En 1853, el almirante estadounidense Matthew Perry (1794-1858) dirigió una pequeña flotilla, conocida como Black Ships, hacia la actual bahía de Tokio para obligar a los japoneses a abandonar sus políticas aislacionistas. La respuesta japonesa al impacto de la llegada de buques comerciales armados estadounidenses y otros occidentales se vio doce años después en la Restauración Meiji (1868). Durante los siguientes treinta años, Japón adoptó la tecnología occidental y modernizó con éxito el sector industrial militar y nacional. El éxito de esta modernización se reveló claramente a principios del siglo XX cuando Japón derrotó a las armadas zarista rusa y china y se convirtió en una potencia colonial en China, Taiwán y Corea. El Movimiento del 1900 de Mayo de 1919 fue una reacción de China a este militarismo japonés, pero la agresión imperial japonesa continuó expandiéndose por Asia hasta que estalló un conflicto abierto con Estados Unidos y Gran Bretaña durante la Segunda Guerra Mundial (1939-1945).

A pesar de la pérdida de la guerra ruso-japonesa, el empuje de Rusia a Asia durante siglos continuó a través de Siberia hasta el Pacífico y luego hacia Mongolia. Los mongoles, que habían sido aliados de los manchúes durante el período Qing, perdieron mucho territorio durante la dinastía ante los chinos en el sur de Mongolia Interior, y estaban en peligro de incorporación total. Cuando en 1911 se derrocó la dinastía Qing y se fundó la República China, Mongolia encontró apoyo para su independencia del gobierno bolchevique ruso recién instalado en Moscú. Mongolia se convirtió en república comunista en 1924 y siguió siendo un satélite soviético —independiente pero fuertemente influenciado por los rusos— hasta que se produjo una revolución democrática pacífica en 1990.

Las reacciones de los indígenas asiáticos hacia Estados Unidos a diferencia del Occidente europeo en general no se hicieron pronunciadas en toda la región hasta después de la Segunda Guerra Mundial. Después de que Estados Unidos derrotó y ocupó a Japón, alcanzó el estatus de superpotencia y compitió con la Unión Soviética por la influencia en el este de Asia en los conflictos de Corea y Vietnam. Japón fue arrastrado a la órbita estadounidense, mientras que otras naciones asiáticas lograron la independencia al rechazar a sus ocupantes occidentales. A menudo, los movimientos nacionalistas entre los pueblos indígenas se mezclaron con los movimientos campesinos comunistas, particularmente en China, Vietnam, Laos y Camboya.
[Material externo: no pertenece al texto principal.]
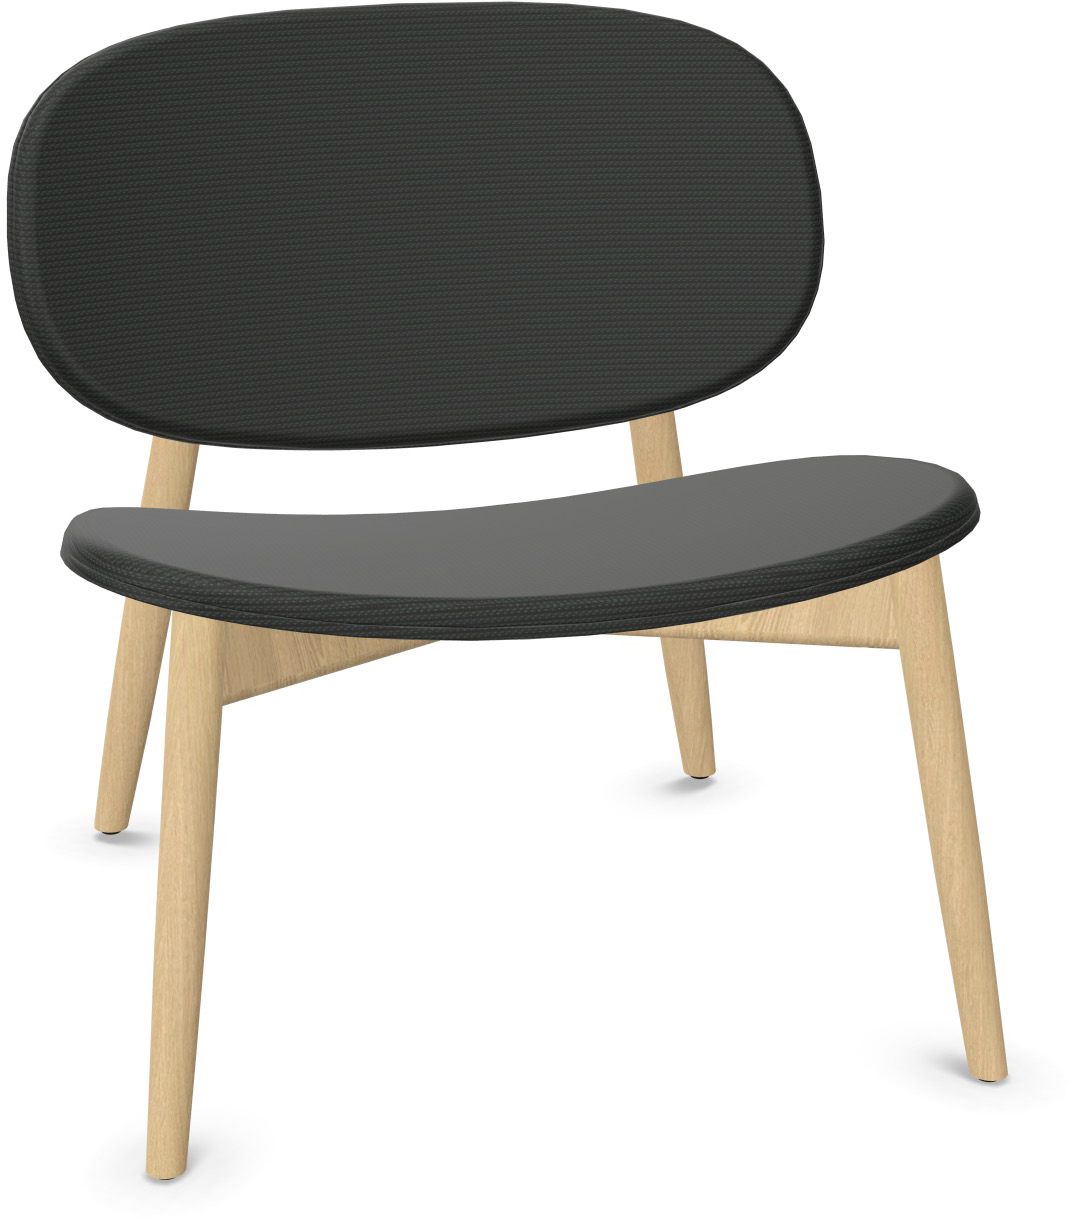 HARMO Relaxsessel in Schwarz präsentiert im Onlineshop von KAQTU Design AG. Sessel ist von Infiniti Design

Con el fin del período de la Guerra Fría en la década de 1990 y la nueva integración económica global, el triunfo de los sistemas de mercado democráticos liberales es ahora etiquetado (o criticado) como "estadounidense" en lugar de "occidental". Sin embargo, estas reacciones de Asia oriental están íntimamente entrelazadas con las respuestas nacionalistas a los cambios económicos, sociales, culturales y militares forzados infligidos por las naciones occidentales durante siglos en oleadas sucesivas sobre las sociedades históricas indígenas de Asia oriental.